Type annotations are now optional except for top-level functions, function application is by juxtaposition, and the array type syntax is different. We also support shape declarations that express how the types of inputs must relate to each other and to the result. This is not proper dependent typing - again, we keep it simple - but is asserted through run-time checks, and used by the compiler to perform optimisations.

We also used to not have pattern matching for function parameters, or type aliases. To wit, observe the initial version of a vector addition function from an N-body benchmark:

let {f32, f32, f32} vec_add({f32, f32, f32} v1, {f32, f32, f32} v2) =
  let {x1, y1, z1} = v1
  let {x2, y2, z2} = v2
  in {x1 + x2, y1 + y2, z1 + z2}

We also used curly braces for tuples in those days. Now the function looks like this:

let vec_add((x1, y1, z1): vec3) ((x2, y2, z2): vec3): vec3 =
  (x1 + x2, y1 + y2, z1 + z2)

Essentially, we are moving towards an SML/Haskell/F# feel for Futhark, but with the restrictions that result from our demand for performance and our uncooperative target platform. Concretely, as time permits, we plan to extend Futhark with:

An SML-style module system. We already have a simple implementation of structures and the beginning of signature support. All that is needed is to finish signatures and add functors.
Some form of statically resolvable ad-hoc polymorphism. I’m thinking modular type classes, which are also being considered for Successor ML.
Proper type inference, even for top-level functions. This is hopefully easy to implement, although our uniqueness types may make things interesting.
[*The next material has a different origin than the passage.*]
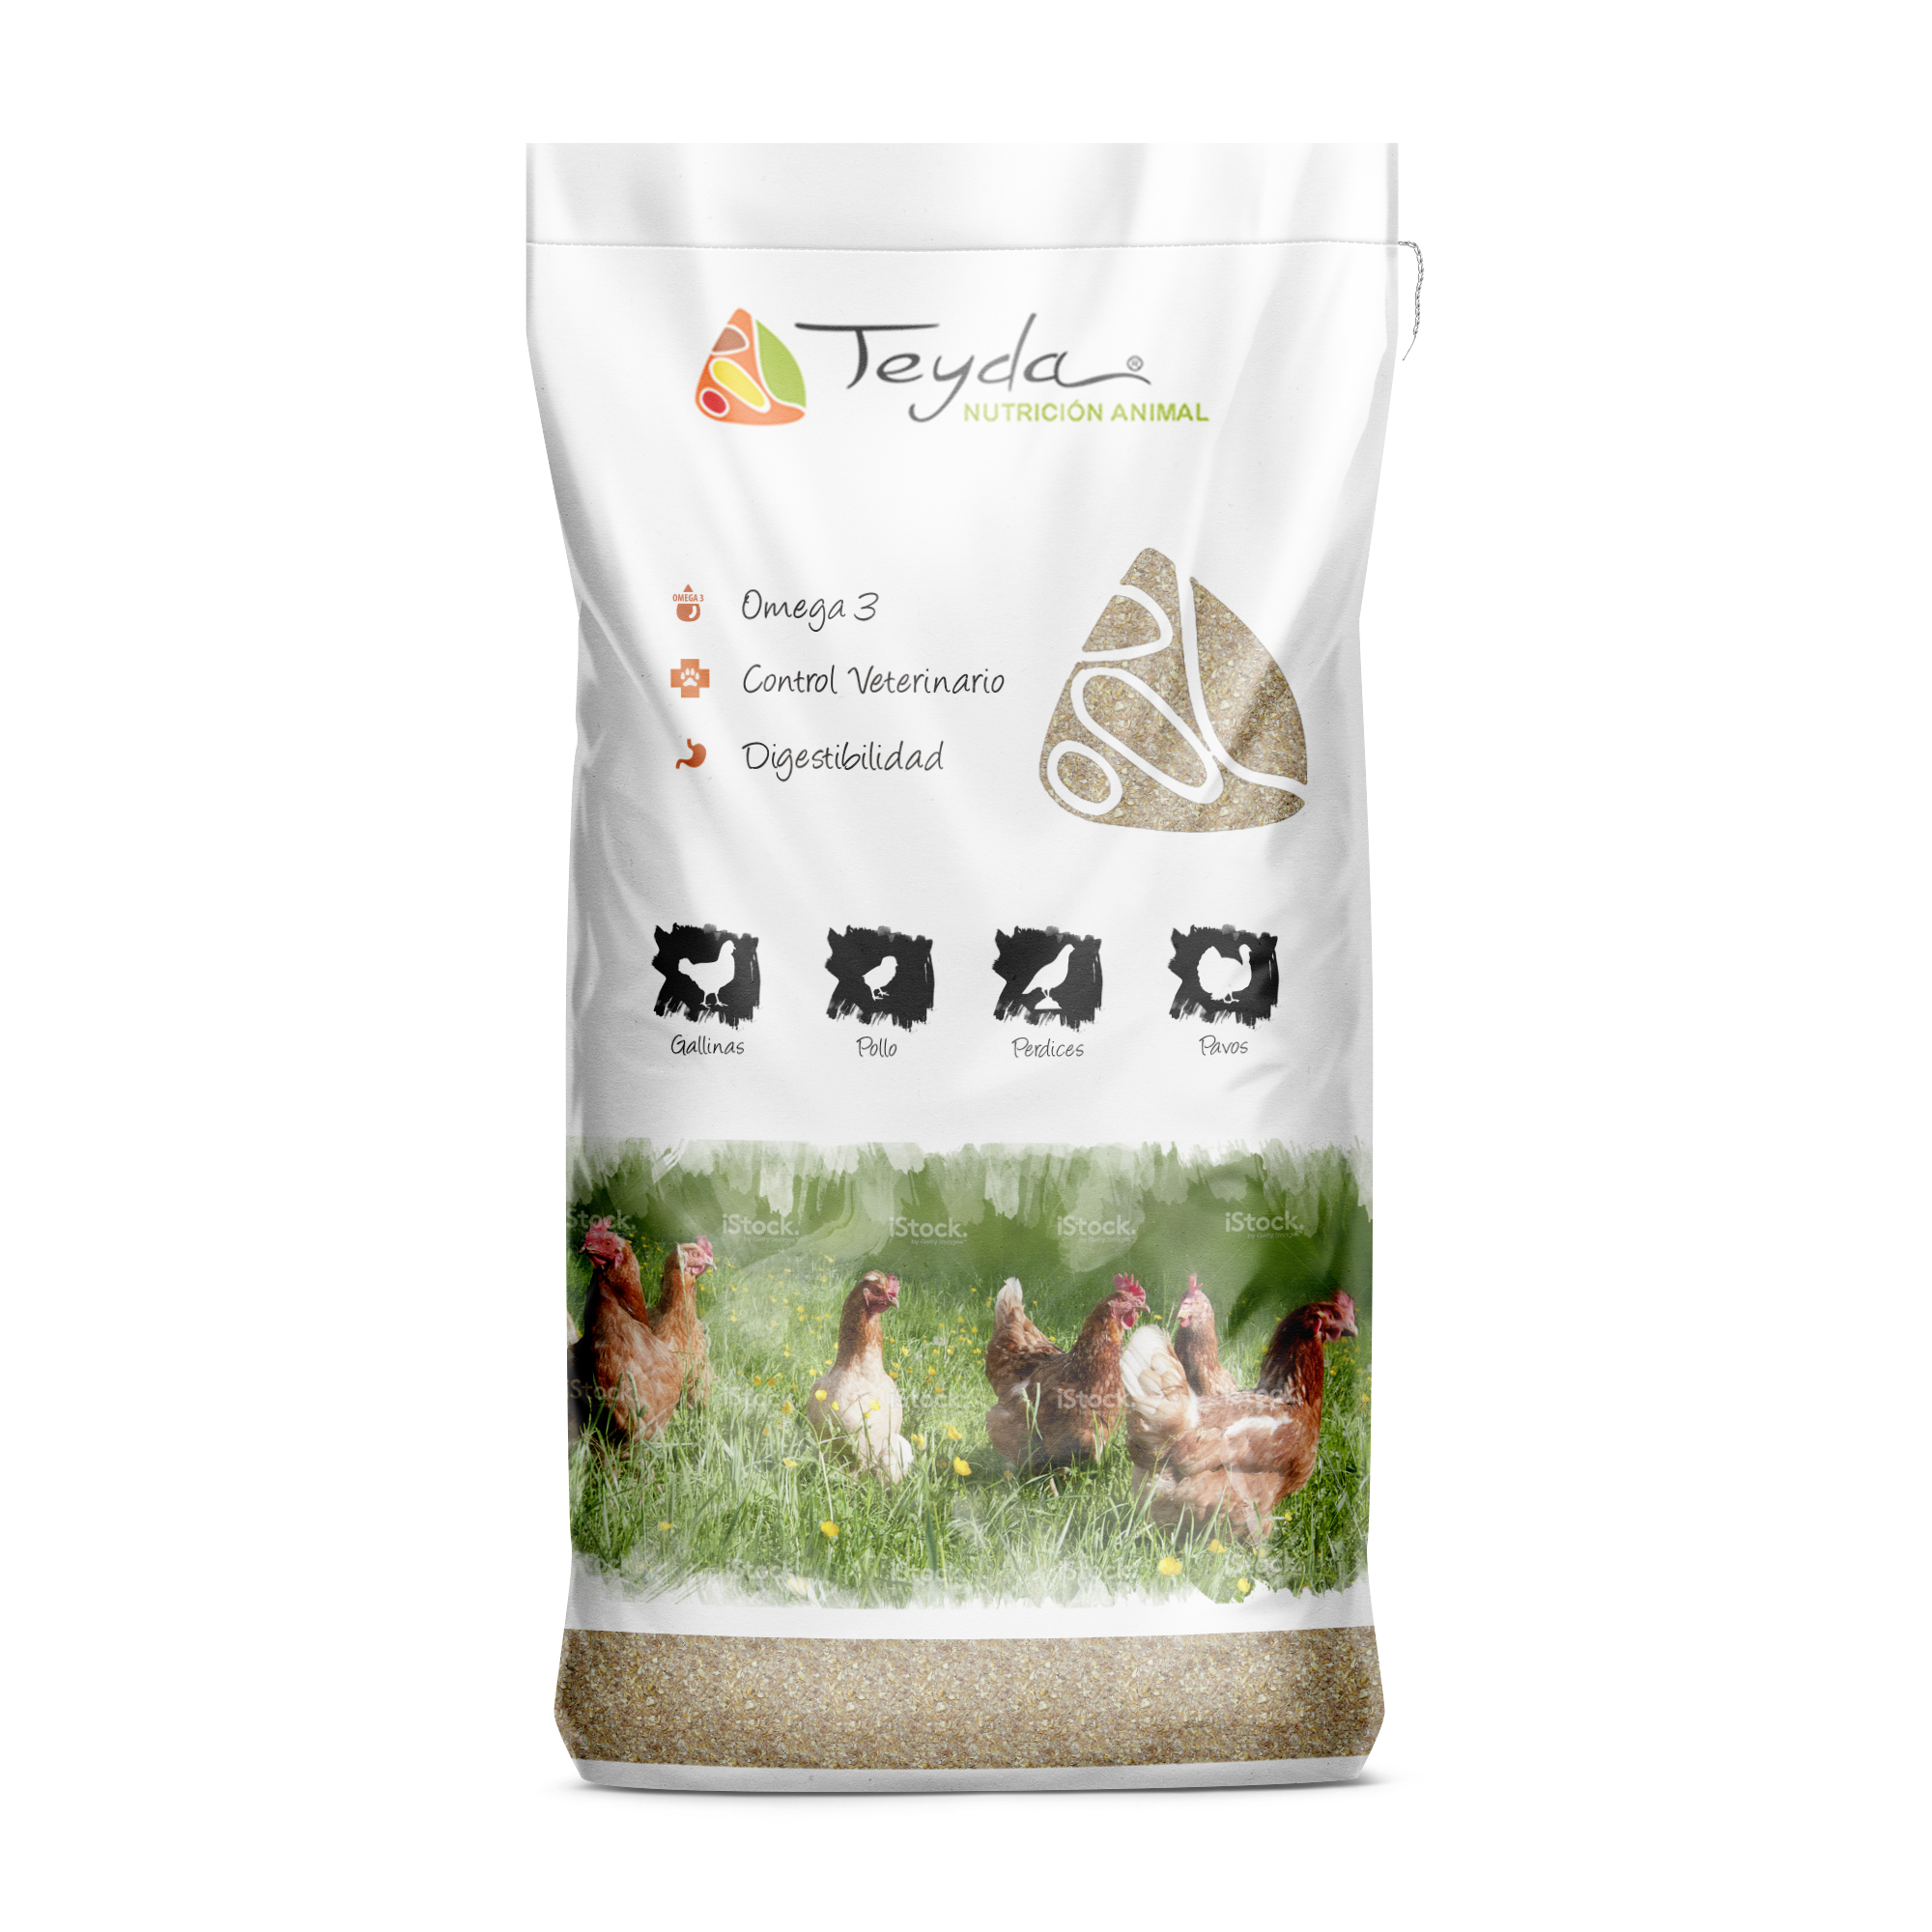 Nuevo diseño para nuestros amigos de Teyda, Nutición Animal

These features would enable a style of modular programming that can still be compiled efficiently, and would not be too hard to implement. We can then move on to more advanced features, like:

True higher-order functions (or a convincing imitation). These are typically implemented with function pointers, which are tricky (slow/impossible) on GPUs. Perhaps a solution could be a type system feature that ensures that higher-order values correspond to a (statically known) lambda term, but which might have any lexical closure. For example, this would be permitted:
```
let makeAdder x = \y -> y + x
```
because the caller of makeAdder x would always know the “form” of the function being returned. Meanwhile, this would not:
```
let adderOrSubber b x = if b then (\y -> y - x) else (\z -> y + x)
```
because the form of the returned function depends on a dynamic decision. For this particular function, a workaround could be:
```
let adderOrSubber b x = \y -> y + if b then -x else x
```
Note that the function composition operator obeys this rule:
```
let compose f g = \x -> f (g x)
```
Except that’s a function, not an operator, which reminds me…
User-defined operators. I like how Haskell has made infix operators lexically distinct, and I also like how F# defines operator priority and associativity based on its constituent characters.

Of course, it’s also worth discussing smaller changes, such as whether our notation for anonymous functions is too verbose (it is), and whether we should have syntax for common cases like ranges and array comprehensions (probably). If you like working on language design or making things go fast, why not contribute? The Futhark compiler frontend, which processes source programs and converts them into the core language, is not big and fairly easy to understand.